Contact: Brian Magee, 202-238-9088
(Washington, DC, October 28, 2011) — Humanist leaders expressed enthusiasm about a recently removed California billboard that is focusing national attention on Thomas Jefferson, the Founding Father who advocated for a wall of separation between church and state. “It’s uplifting to see Americans discussing the views of Jefferson and examining his influence on the secular nature of our constitution,” said Roy Speckhardt, executive director of the American Humanist Association.
The catalyst for this new interest in Jefferson comes from a billboard paid for by a local California group called the Backyard Skeptics. The billboard used a statement widely attributed to Jefferson: “I do not find in Christianity one redeeming feature. It is founded on fables and mythology.” The sentiment on the billboard is not out of character for Jefferson, despite its misattribution. Quotes (from the Monticello website) show Jefferson did indeed find serious fault with religion:
“Millions of innocent men, women and children, since the introduction of Christianity, have been burnt, tortured, fined, imprisoned: yet we have not advanced one inch towards uniformity. What has been the effect of coercion?To make one half the world fools, and the other half hypocrites. To support roguery and error all over the earth.”

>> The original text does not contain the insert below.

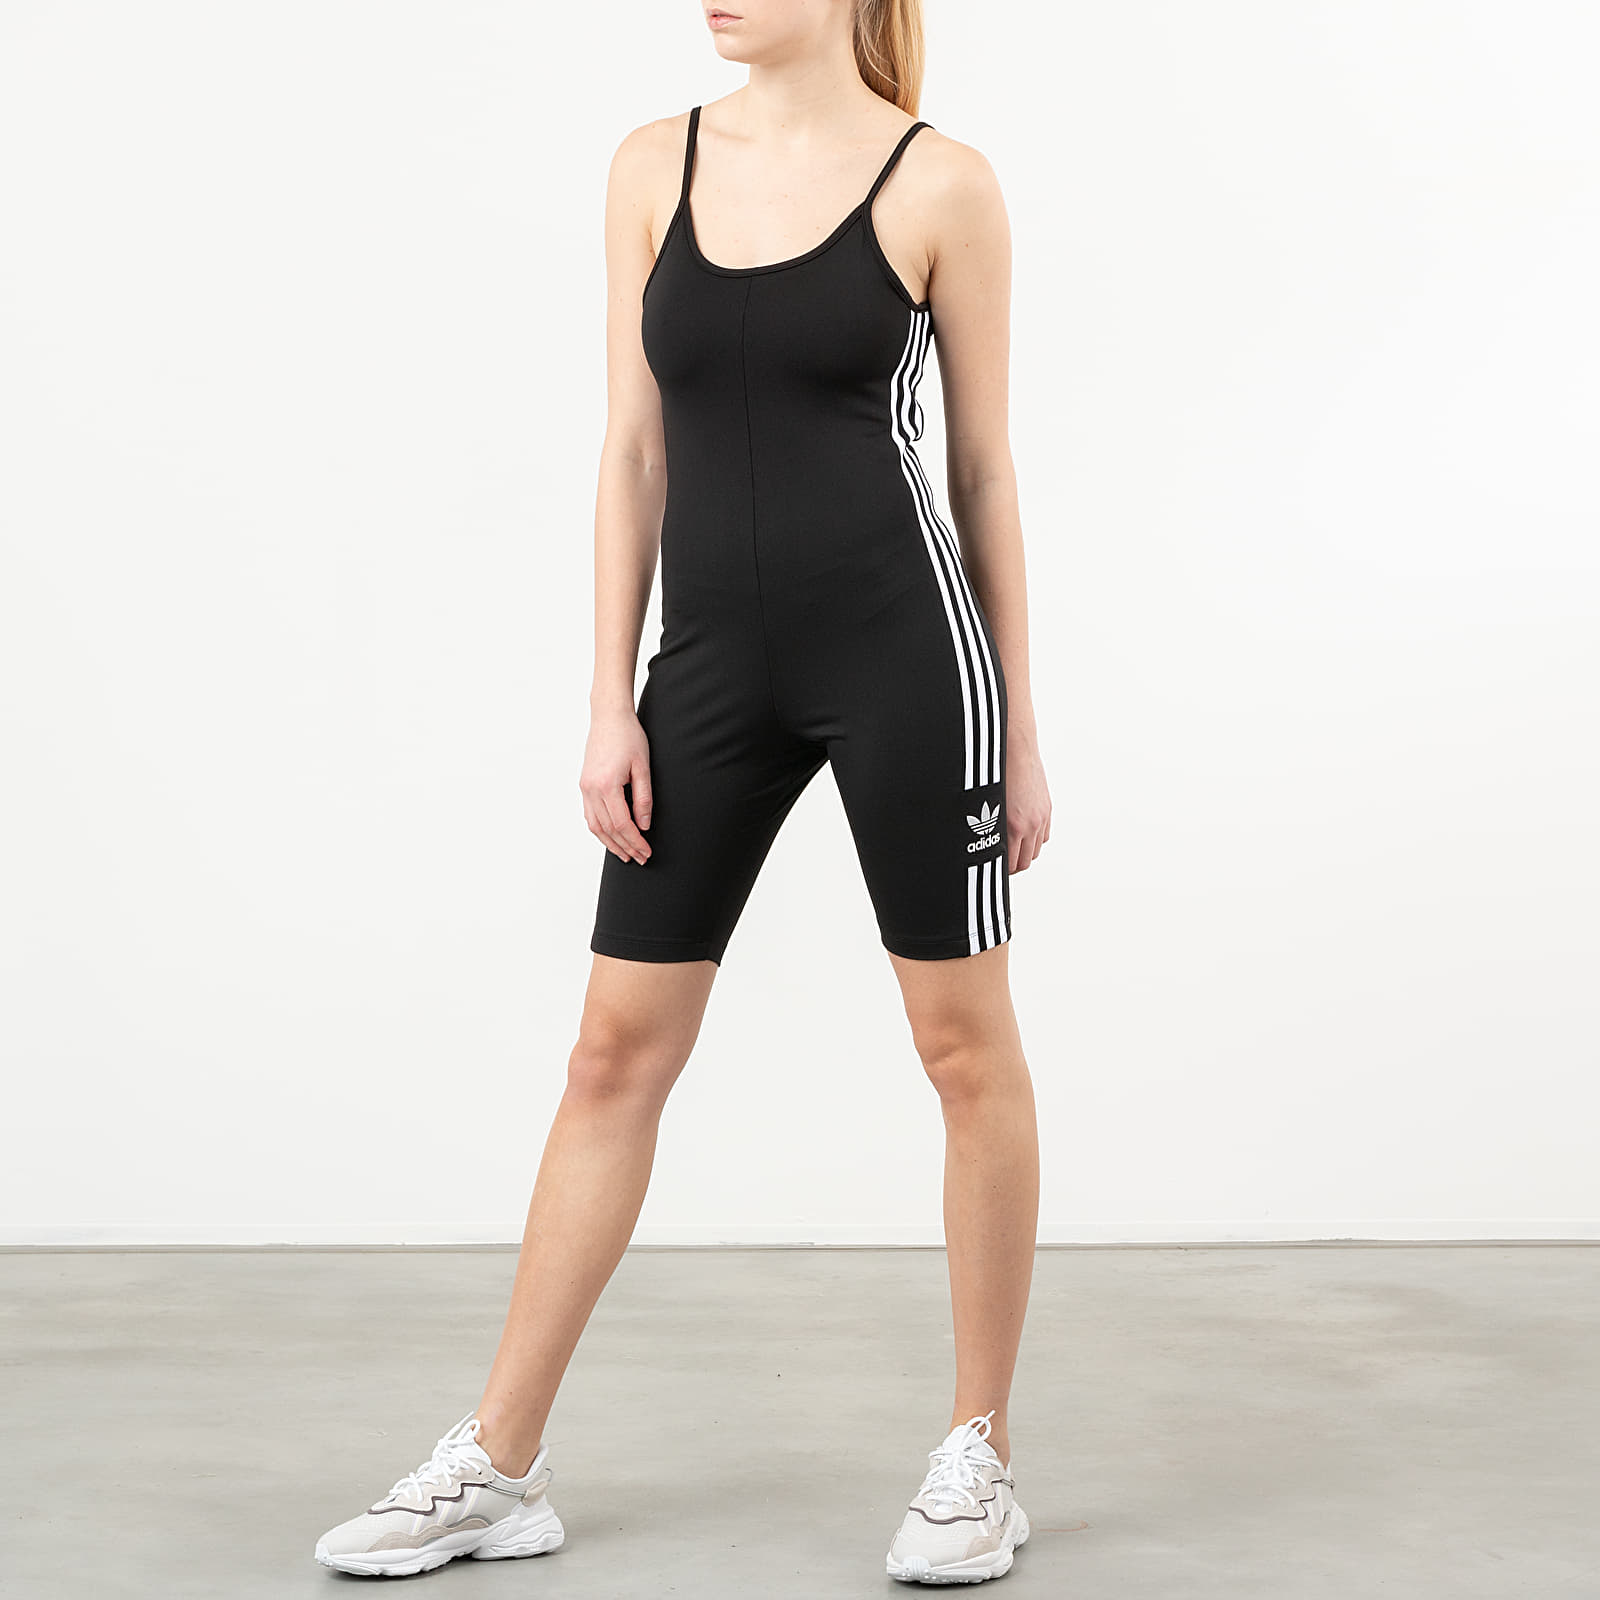 Abbigliamento Donna adidas Cycling Suit Black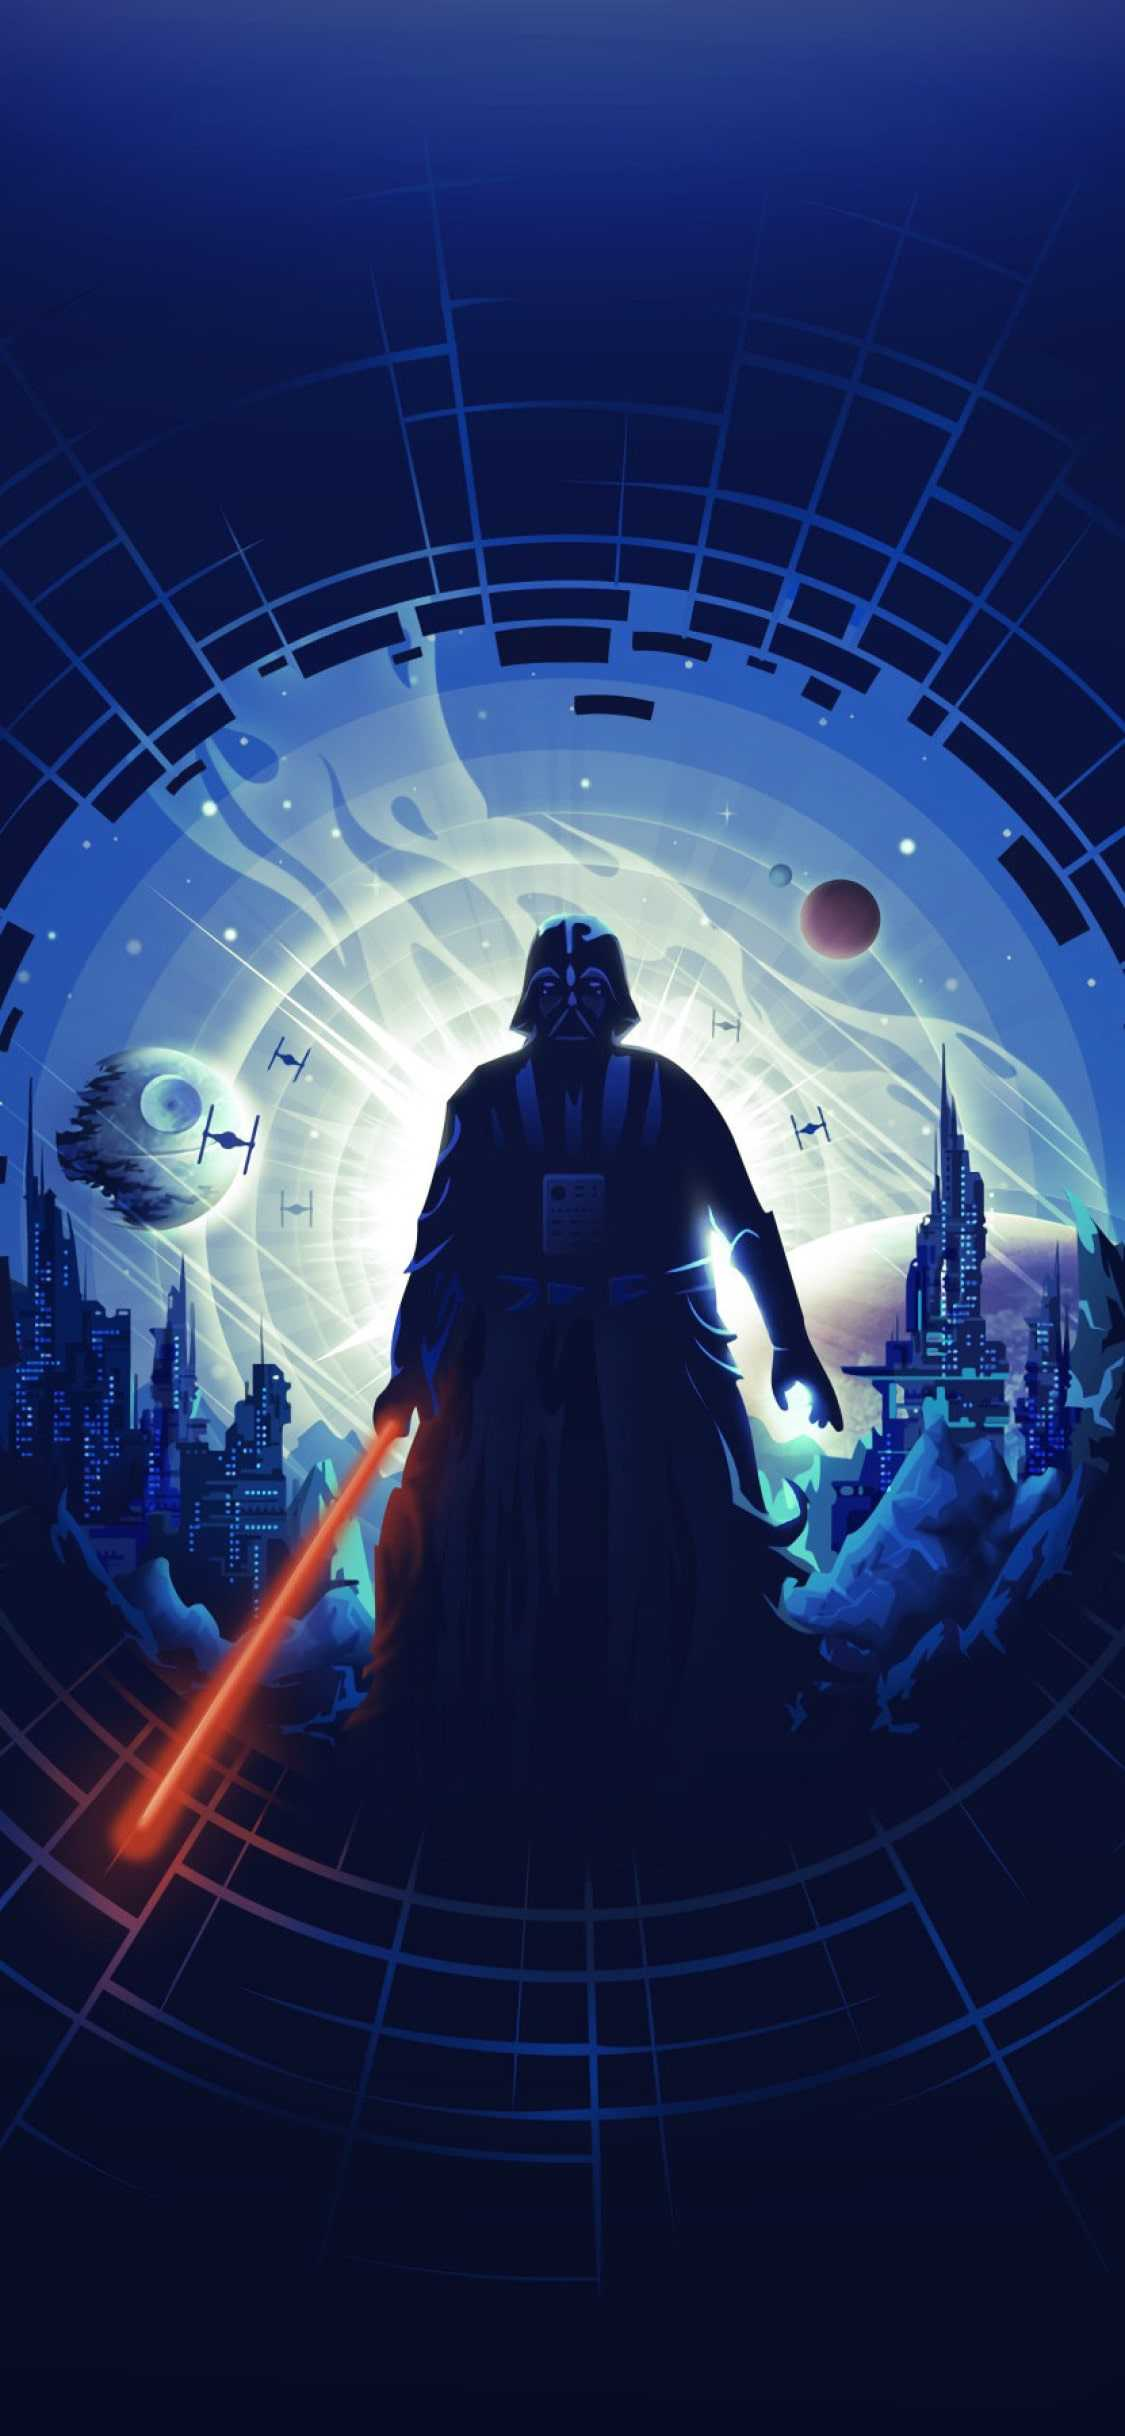 Star Wars Iphone Wallpaper Nawpic

“…those who live by mystery & charlatanerie, fearing you would render them useless by simplifying the Christian philosophy, the most sublime & benevolent, but most perverted system that ever shone on man, endeavored to crush your well earnt, & well deserved fame.”
“Question with boldness even the existence of a god; because, if there be one, he must more approve the homage of reason, than that of blindfolded fear.”
The billboard and subsequent discussion is highlighting how “Jefferson, along with other Founding Fathers, had no intention of founding a specifically Christian nation,” continued Speckhardt. “Backyard Skeptics leader Bruce Gleason appropriately accepted responsibility for the billboard and spurred a great opportunity to validate Jefferson’s critique of religion and reverence for reason.”
The American Humanist Association (www.americanhumanist.org) advocates for the rights and viewpoints of humanists. Founded in 1941 and headquartered in Washington, D.C., its work is extended through more than 100 local chapters and affiliates across America.
Humanism is a progressive philosophy of life that, without theism, affirms our responsibility to lead ethical lives of value to self and humanity.